Using the records below, quote only the span that opens with the line containing "Trinità, Terranova, CANADA" and closes with the line containing "schnebel-it-systemhaus-logo", exactly and inclusively.

Provided data:
-=-=-=-=-
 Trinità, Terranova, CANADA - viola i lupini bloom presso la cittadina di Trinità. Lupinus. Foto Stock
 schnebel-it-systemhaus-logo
-=-=-=-=-
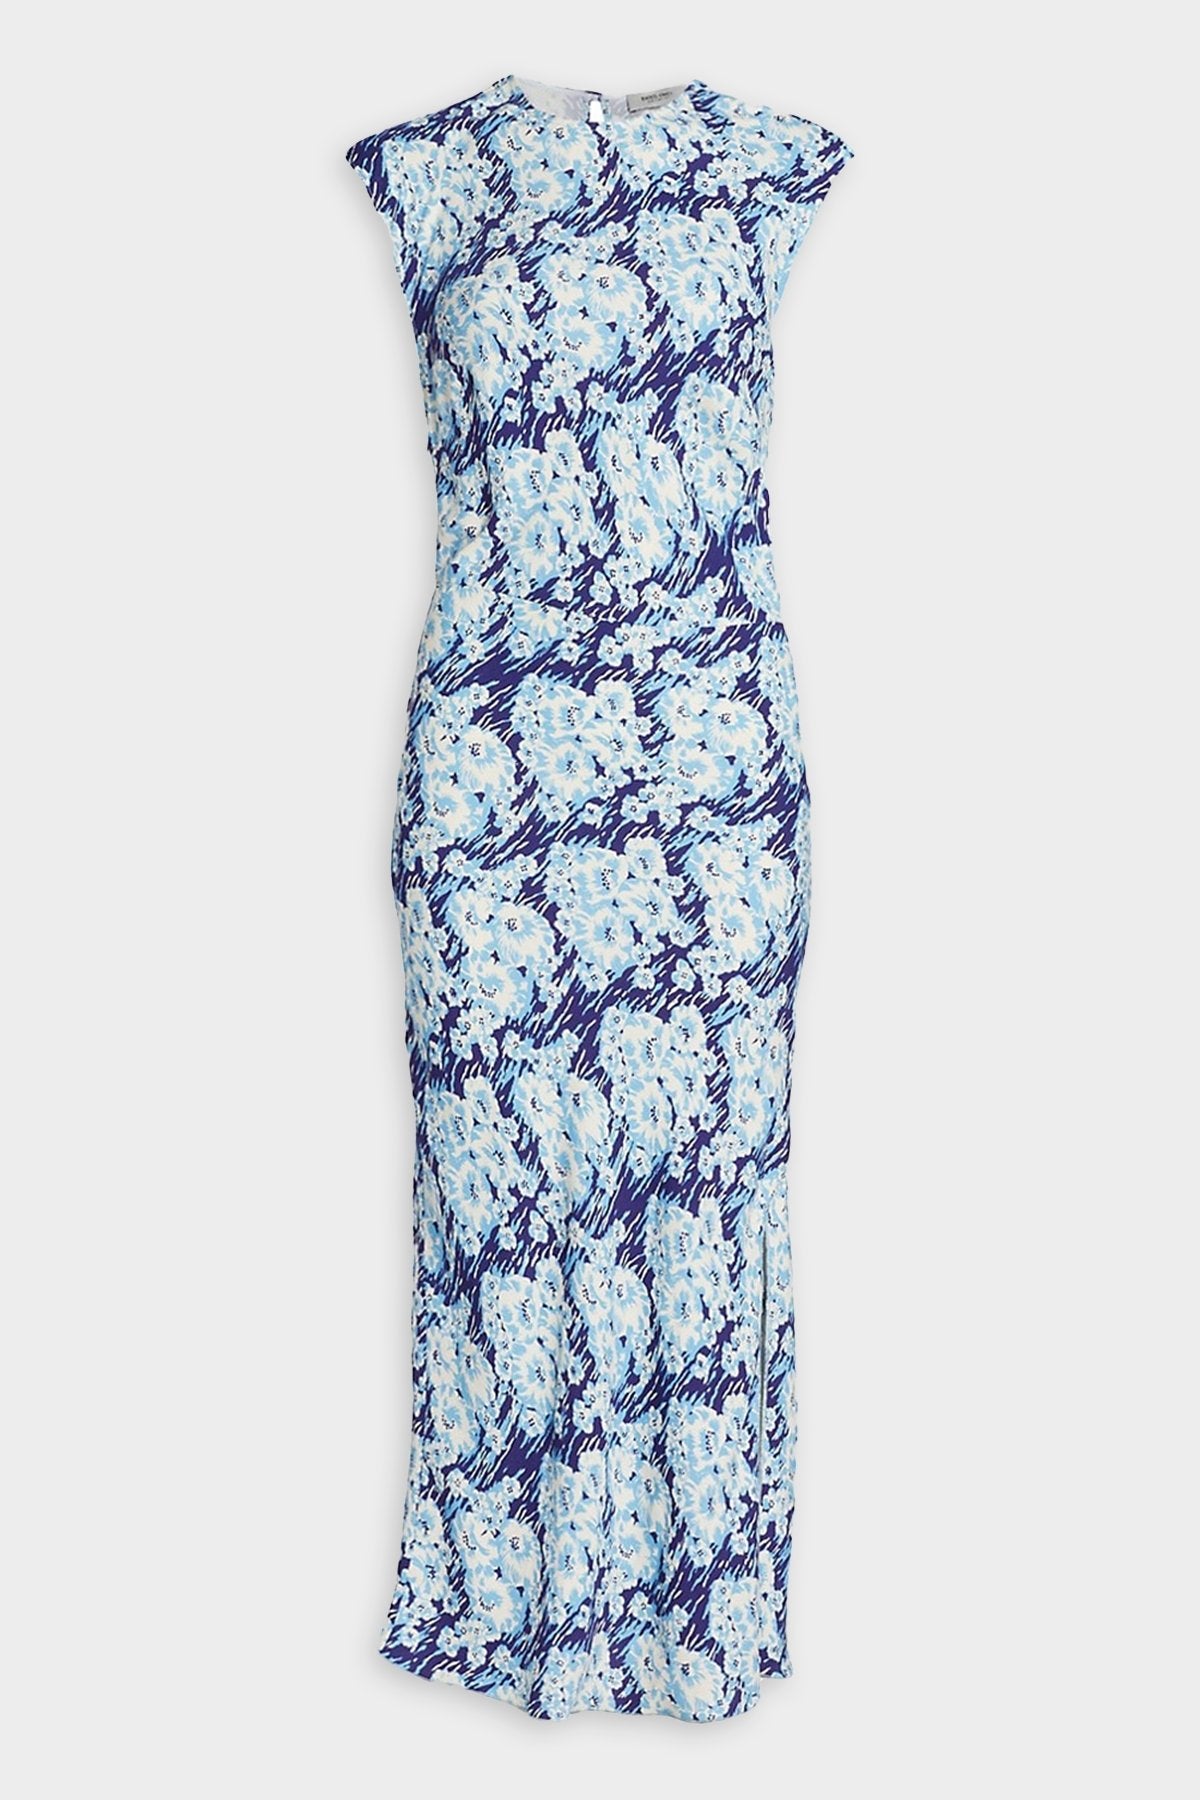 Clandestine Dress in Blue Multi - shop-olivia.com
-=-=-=-=-
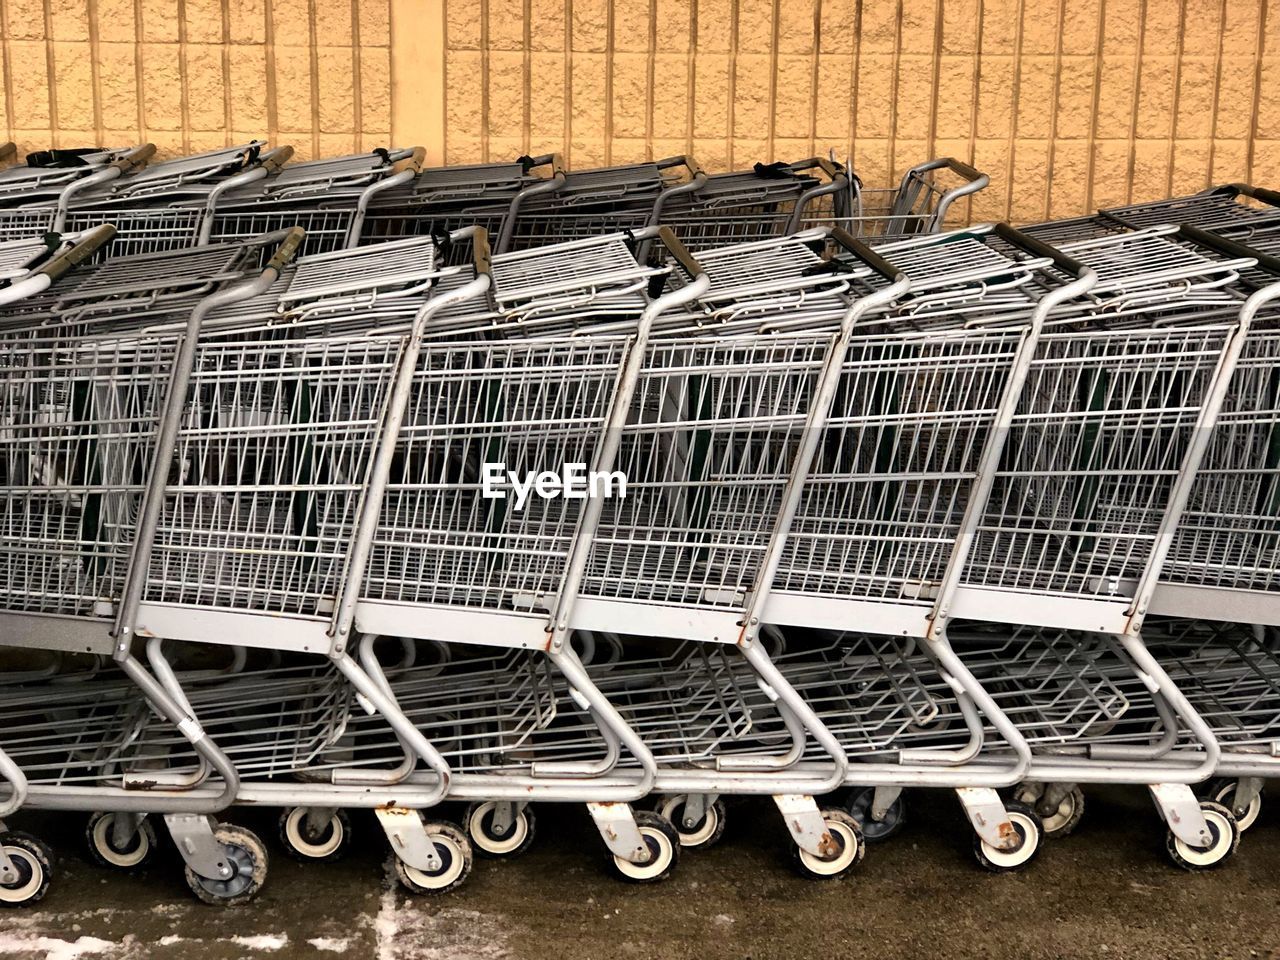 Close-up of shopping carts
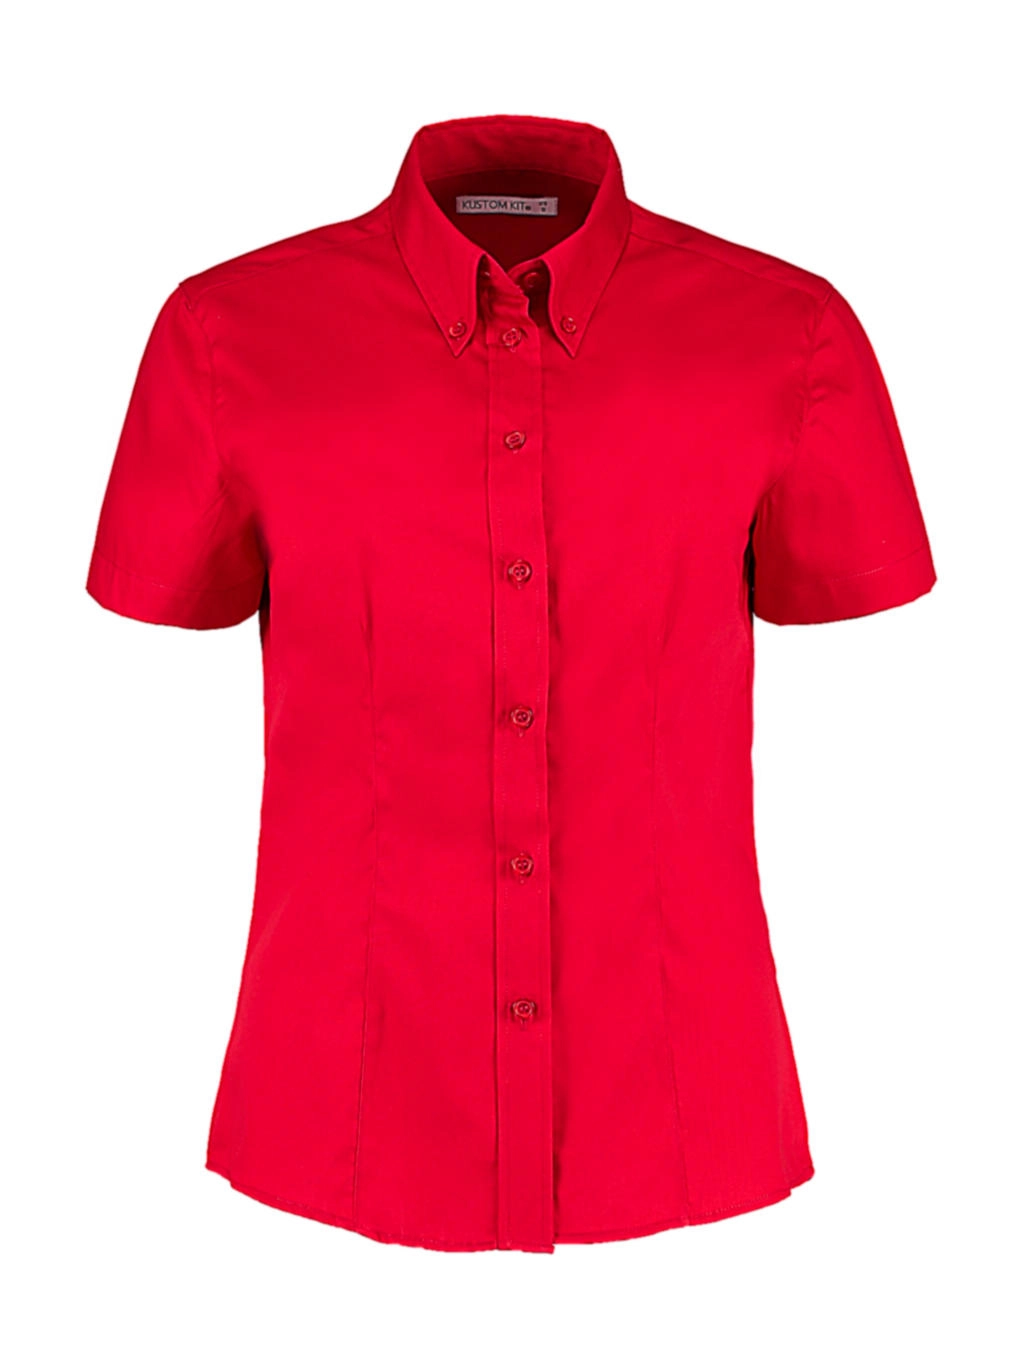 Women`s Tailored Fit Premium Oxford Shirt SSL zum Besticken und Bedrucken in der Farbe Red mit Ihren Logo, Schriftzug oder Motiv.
-=-=-=-=-
Exercise solution:
 Trinità, Terranova, CANADA - viola i lupini bloom presso la cittadina di Trinità. Lupinus. Foto Stock
 schnebel-it-systemhaus-logo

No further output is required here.